On congestion charging, Wood says he will soon receive a report from the Ministry of Transport with analysis into the impacts of various congestion pricing scheme options, and their technical requirements. He says he wants to see what the analysis shows, describing his position as “open-minded, but tinged with a bit of caution as well.”
“We haven’t got any international comparators with a fully integrated road pricing system that some people are proposing,” he says. “I’d be a little bit cautious about leaping into that although I am open-minded to the fact that it could be a useful tool for demand management and managing congestion.”

He says there is a sequence in question before Auckland could go down a congestion charging track, which would ensure that are effective public transport alternatives in place before imposing charges on people for using private vehicles.

It raises an equity issue — Wood says that while congestion charging wouldn’t necessarily change the way he moves around the city, for those on low incomes it would.

“I would want to see some good analysis and thinking around it before I’d be prepared to take it further,” he says.

Wood says he is also open-minded about the use of public-private partnerships to fund transport projects, but wants to take care to make sure the arrangement is right for New Zealand’s interests.

“I have a responsibility to look after the Crown’s position and make sure that any arrangements we enter into are done responsibly, that the long-term value is right and that the risk allocation is right,” he says.

Construction staff
Wood says while there are calls to keep adding to the transport pipeline, it will be important to ensure New Zealand has the workforce to deliver. An underdeveloped workforce strategy has been a long-term problem for New Zealand, particularly in the infrastructure sector.
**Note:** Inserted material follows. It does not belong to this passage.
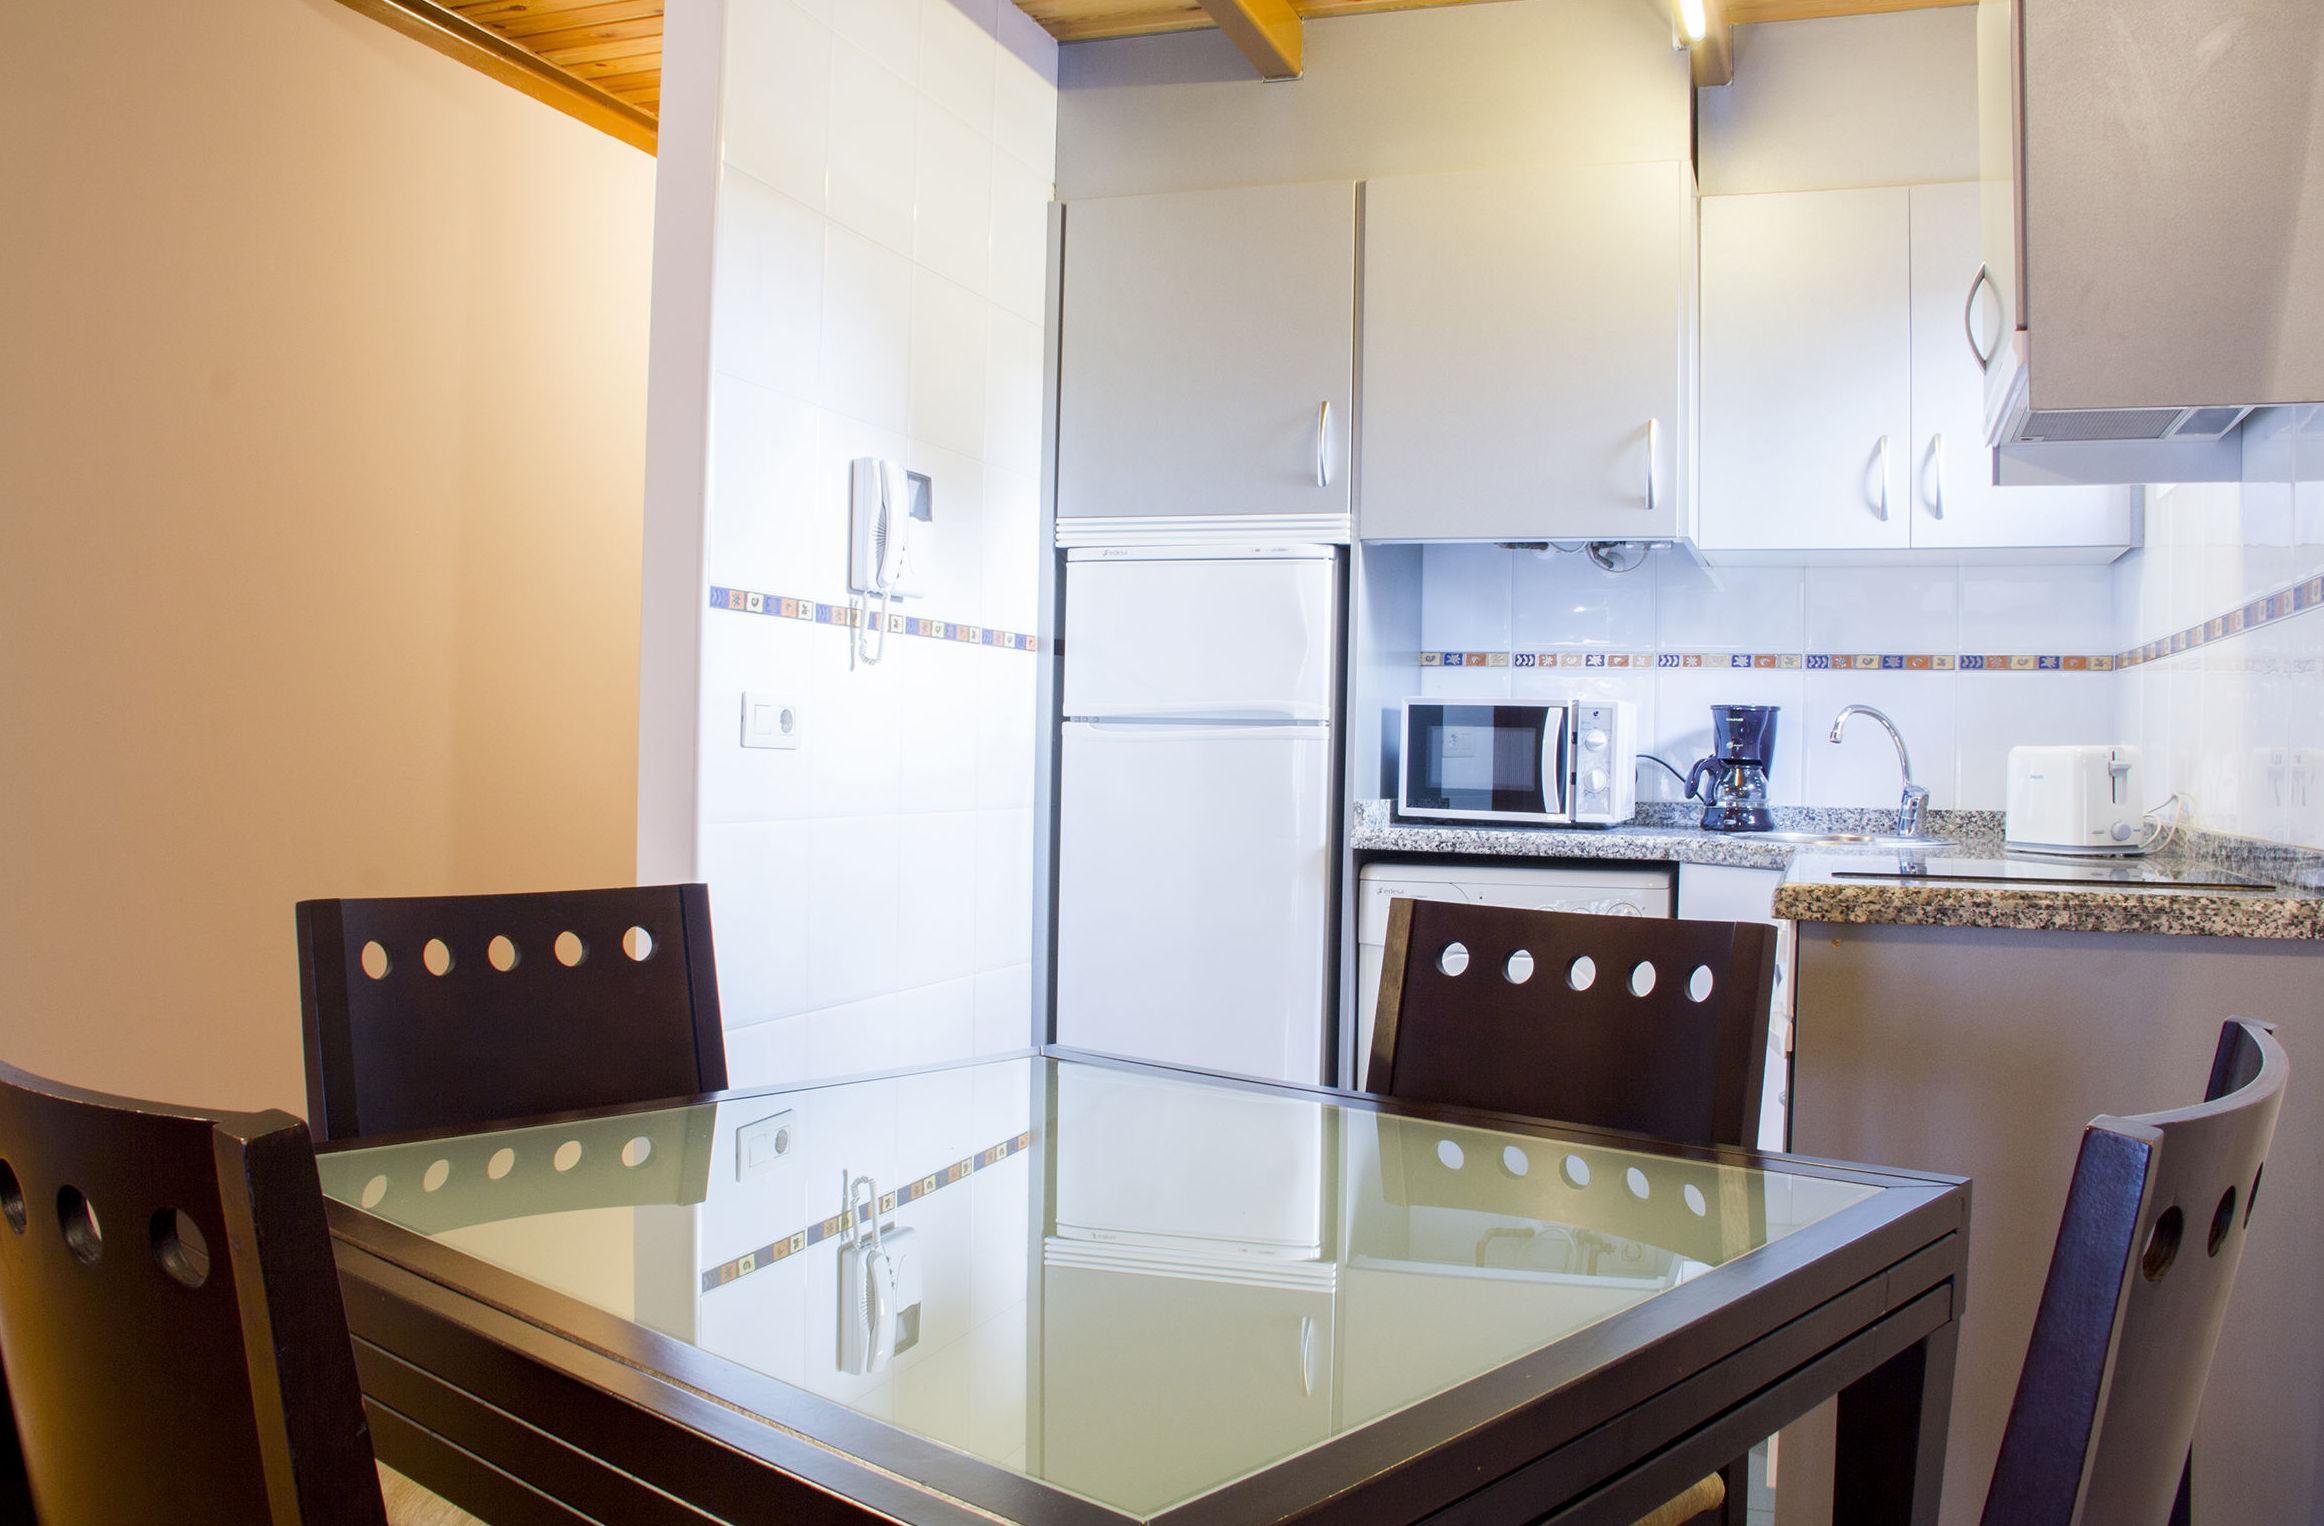 Cocina apartamento 2-4 pax.

“In the long-term, we have a vision to build up a largely domestic workforce that is capable of doing that work and capable of sustaining it over a long period of time,” he says, pointing to the Government’s free trade training and apprenticeship scheme that was put in place is part of the Covid-response as one way this is being encouraged.
“A lot of work done in the previous term was done by a group of ministers to get the construction sector to work more collaboratively on skills and training along with procurement and all the other range of issues. It’s a work in progress there.”
Wood says that at this point there will still be a requirement for the workforce to be supplemented with offshore labour as well — particularly in specialist areas.

Eye to the future
Over this term, Wood says he expects to deliver on the manifesto that Labour was elected to implement.

“That will include rolling out those investments that are already in place, but not yet delivered. The big programme that’s in the Government Policy Statement on Land Transport (GPS), the shovel ready projects and New Zealand upgrade projects, light rail.”
He says the Government is very committed to carrying forward its balanced approach to transport — “there are a mix of transport priorities — yes, roading, but also public transport, rail, walking, cycling, coastal shipping as well,” he says.

“We want to get the right solution to the particular transport problems we face in different areas and be mode neutral — starting out with what are we trying to achieve and then considering what mode and what investment is going help to get us there.”
Wood says the Government is very conscious that if it doesn’t keep up the core investment in maintenance on the state highway network and regional roads they will degrade very quickly.

“There is a big spend that is going on there as well — not necessarily building new roads, but making sure that they are maintained well and that there are constant improvements in terms of the safety profile of them as well,” he says.

He says another big aspect of his role will include the agenda around decarbonisation.
“Next year we get the first carbon budget from the climate commission — and transport is about 20 per cent of it.”

One thing that Wood makes clear: the next three years won’t be about reformulating plans and new strategies — it will be about delivery.
“After a lot of planning, the fruits of that are going to start to be seen,” he says.